The UK has overtaken France to become Europe’s largest stock exchange.

Recent figures show that French stocks are now valued at $3.13 trillion (£2.47 trillion), while the UK’s stock market has surged ahead with a combined worth of $3.18 trillion (£2.51 trillion), according to Bloomberg data.

Thanks to the chaos triggered by Emmanuel Macron’s unexpected election call, which sent French markets into a nosedive, the Cac 40 index in Paris suffering its worst week since 2002. The announcement of a surprise parliamentary election erased all the year’s gains, just weeks after the index had reached record highs.

Shares in major French banks such as BNP Paribas and Credit Agricole tumbled by over 10 percent.

These banks hold significant amounts of French government bonds, which now face a massive sell-off amid the political turmoil.

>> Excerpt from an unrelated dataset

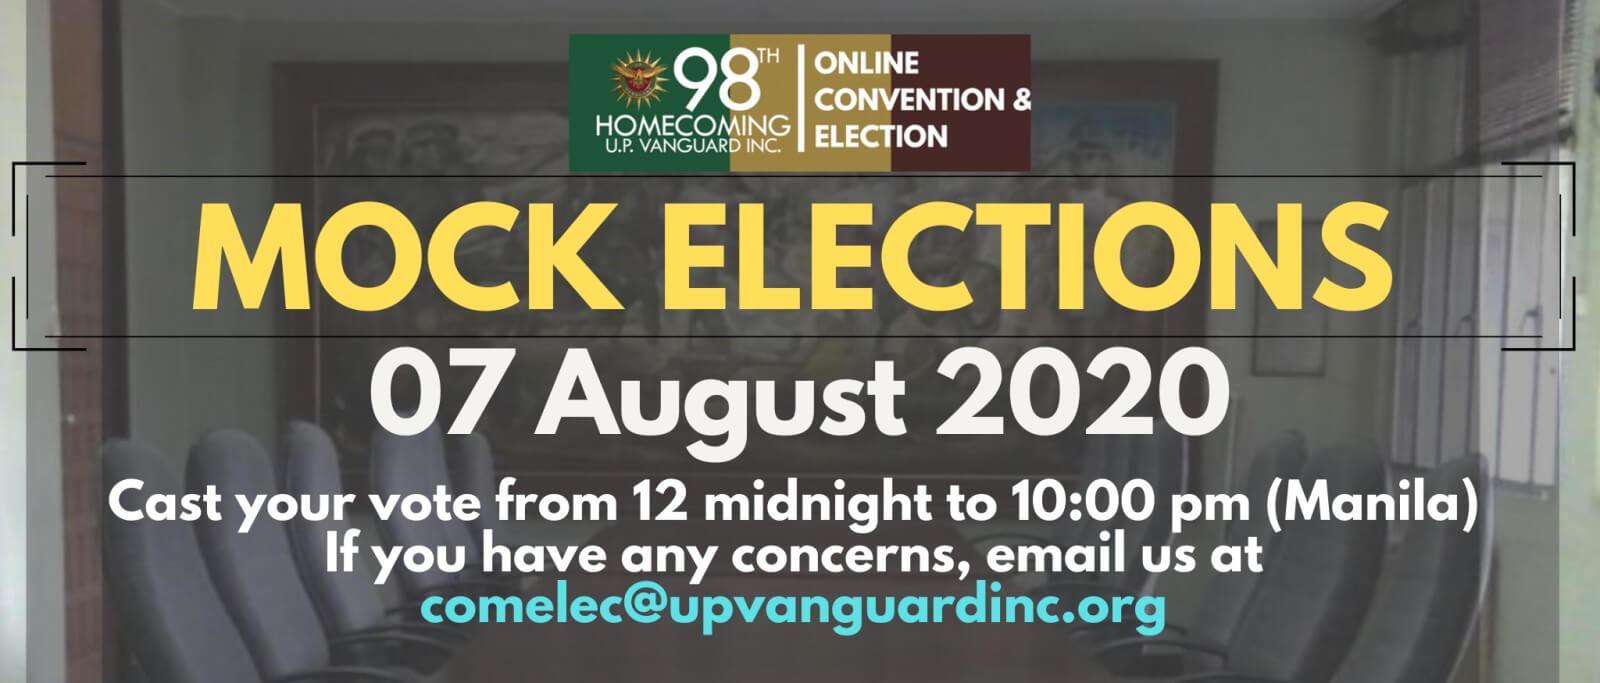 UPVI Mock Election 2020
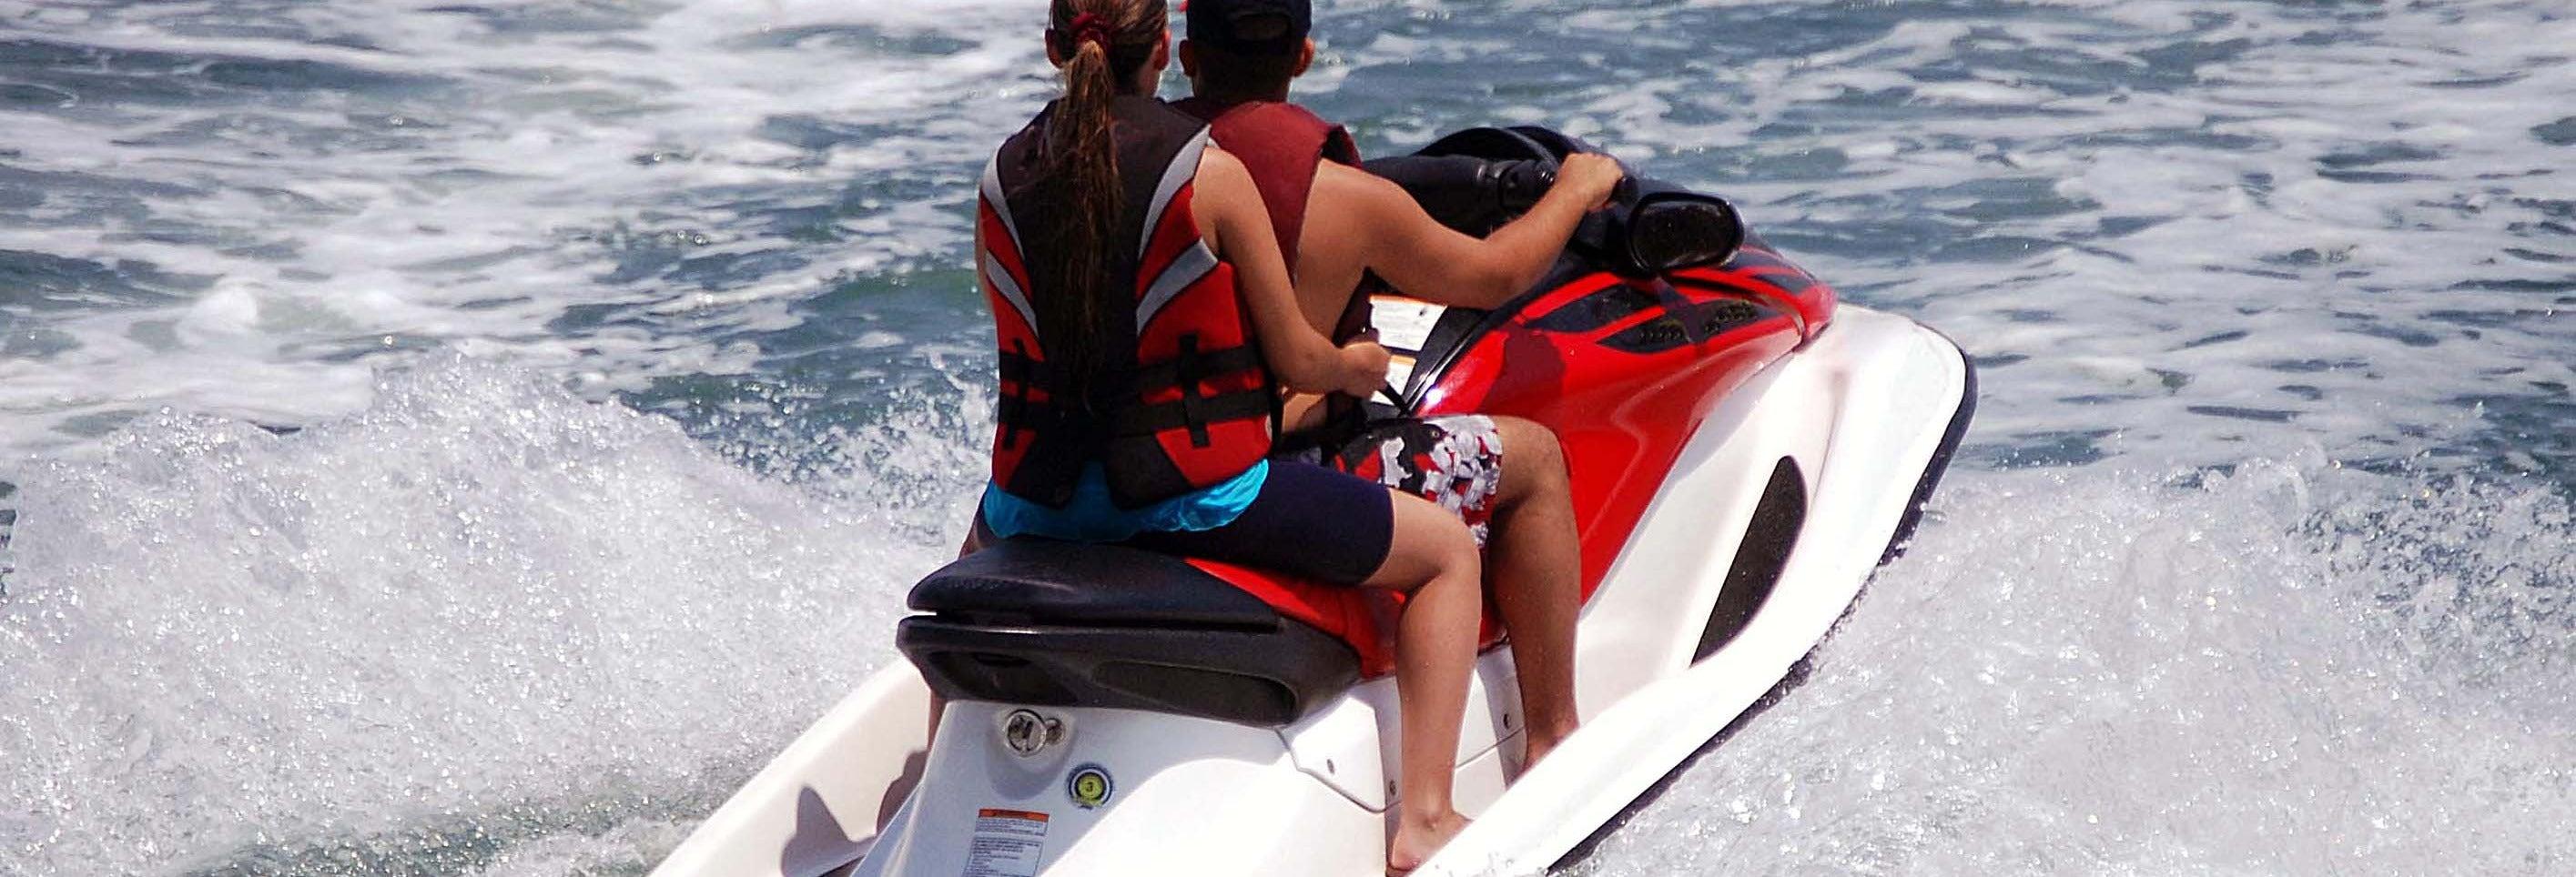 Tour del sud di Tenerife in moto d'acqua

The election upheaval also sent French government borrowing costs soaring, with interest rates on 10-year debt reaching levels not seen in two decades, comparable to those of financially troubled Portugal.

Meanwhile, here in the UK, the FTSE 100 is enjoying a surge of confidence, reaching record highs this year as investors are drawn to what they view as undervalued assets.

The UK’s stock market has also been boosted by new listings, further accelerating Britain’s financial momentum.

While France struggles with its political crisis, the UK basks in its newfound financial supremacy, illustrating the shifting dynamics of economic power in Europe.